И Дементий Рябохлыст залезал на жену, как на ледяную горку. Он был грузный, быстро уставал и соскальзывал набок животом. Откинувшись, он часто дышал, задирая голову, пока жена подсовывала подушку. Поцеловав мужа в лоб, она заботливо укрывала его одеялом, ждала, пока не заснёт с блаженной улыбкой, как младенец, причмокивая во сне. Тогда, запахнув халат, шла на кухню и, закурив, прислонялась через кулак к холодному стеклу, долго рассматривая темневшие окна.
Днём дом пустел, выплёвывая жильцов, точно семечки, а к вечеру они, как перелётные птицы, возвращались. Иногда его покидали на годы, иногда — насовсем.
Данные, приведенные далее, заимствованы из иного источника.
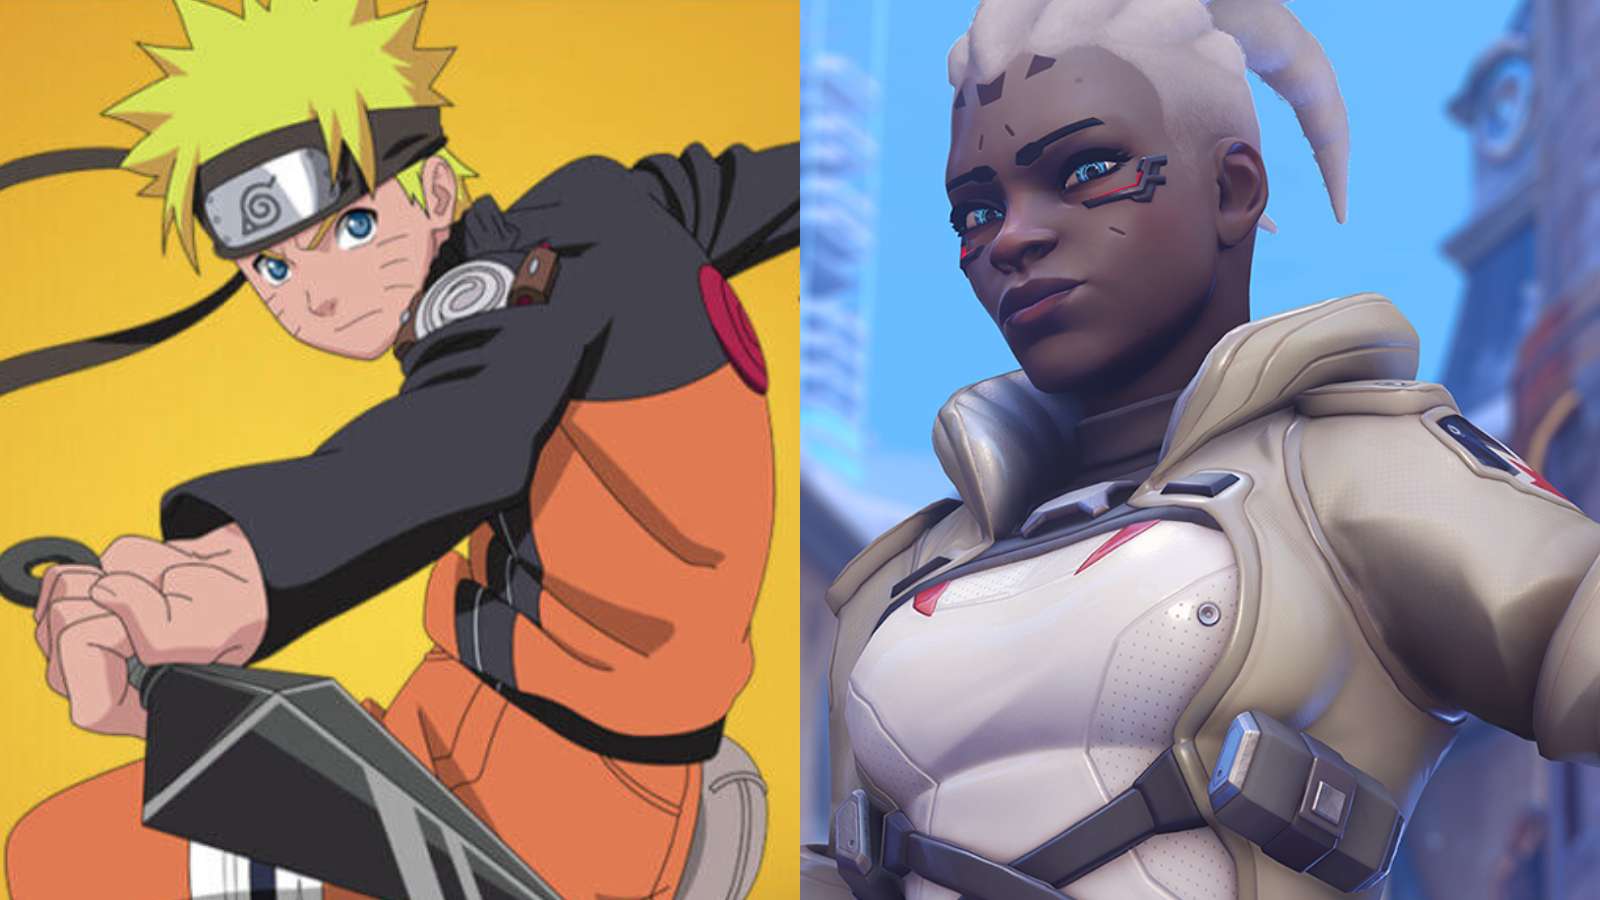 overwatch 2 could be more like fortnite

Тогда в квартиру въезжали новые жильцы, которые находили себе место в домовой книге.
У Матвея Кожакаря из второго подъезда была чудовищная память. Он мог сказать: «Надо же, девять вечера, а светло, как днём! − и, почесав затылок, добавить: −Тринадцатого мая в семь утра». В детстве Матвея Кожакаря удивляло, что ему не рассказывают, как всё устроено и почему все умрут. «Граничные условия, − развёл руками учитель математики, с которым он завёл разговор. — Родился — умри. А в промежутке делай, что хочешь. — он дважды ткнул мелом в грифельную доску, соединив точки кривыми. — У каждого своя жизнь, свой путь…» «Но какое уравнение его описывает?» − подумал Матвей. Спросить он постеснялся, решив дойти своим умом, и, надеясь открыть это уравнение, стал математиком. Но всё, на что его хватило, это пересчитывать выпадавшие зубы и однажды удивиться: «Пятьдесят семь лет, восемь месяцев и девять дней — как долго я умираю!»
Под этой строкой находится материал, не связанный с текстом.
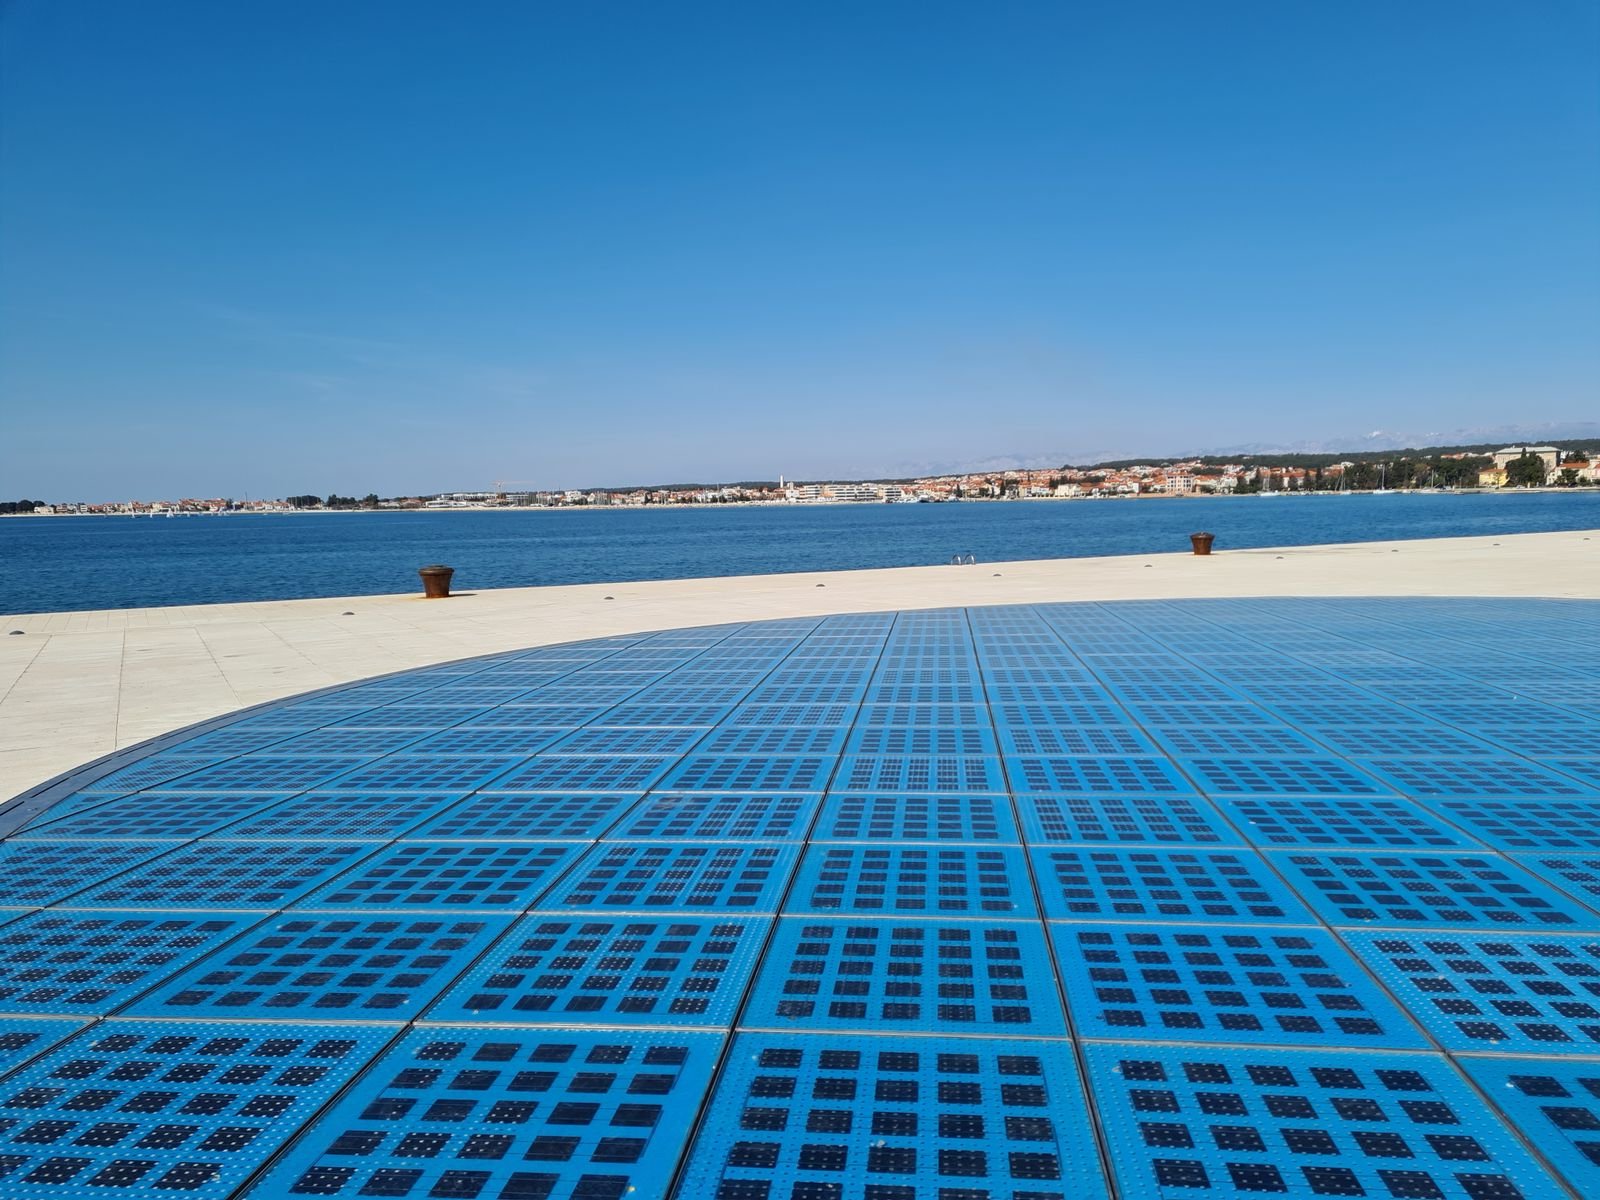 A large blue circular solar panel that is walkable near in the middle of a stone boardwalk along the water

Во времена его детства отопление было печным, в четвёртом подъезде, у которого по утрам, взвизгнув, застывал самосвал с углём, помещалась котельная, от земли до крыши по стене шла каменная труба, из которой валил дым, казавшийся весной особенно чёрным на фоне чистого неба. Водитель жал на клаксон до тех пор, пока из котельной не появлялись чумазые пьяницы-истопники; разгружая уголь, они матерились, будто пели, а после опять скрывались в своей маленькой преисподней, откуда к вечеру выползали на четвереньках.
А вместе с его юностью на крышах расцвели телевизионные антенны, появилось центральное отопление, переселившее истопников из котельной в «пьяный» магазин, куда они пошли грузчиками.
Матвей Кожакарь вспоминал их почерневшие от копоти лица и теперь, глядя на бесполезную трубу, думал, что, уснув мальчишкой, проснулся стариком.
− И-го-го, лошадка! Ис-чо! Ис-чо!
− А не хочешь а-та-та?
Рябохлысты занимались любовью. С материнской нежностью Изольда варила потом кофе, готовя завтрак из двух яиц с поджаренным хлебом. А когда муж уезжал на работу, едва успевала обрызгать себя жасминовыми духами, как из соседней квартиры приходил Викентий Хлебокляч. Сухой, жилистый, с крепкими руками и змеиной головкой на вертлявой шее, он громко, заразительно смеялся, прежде чем опрокидывал её на супружеское ложе со смятыми простынями. И жена Рябохлыста превращалась в послушную дочь. Как и муж, она не выносила одиночества; страшная, неизбывная тоска наваливалась на неё, как медведь. Чтобы не оставаться наедине с собой, муж бежал на работу, топил в ней подступавшую тоску, как пьяница в вине. Она с той же целью завела любовника, которого содержала на мужнины деньги. И к своей связи относилась, как к работе. Поэтому, когда однажды муж вернулся раньше обычного, она не опустилась до выяснений, которые опоздали на десять лет, прошедших после свадьбы, а, молча собрав чемодан, переехала в соседнюю квартиру. Муж провожал её телячьими глазами, как ребёнок, растерянно глядящий на мать, которую опускают в могилу.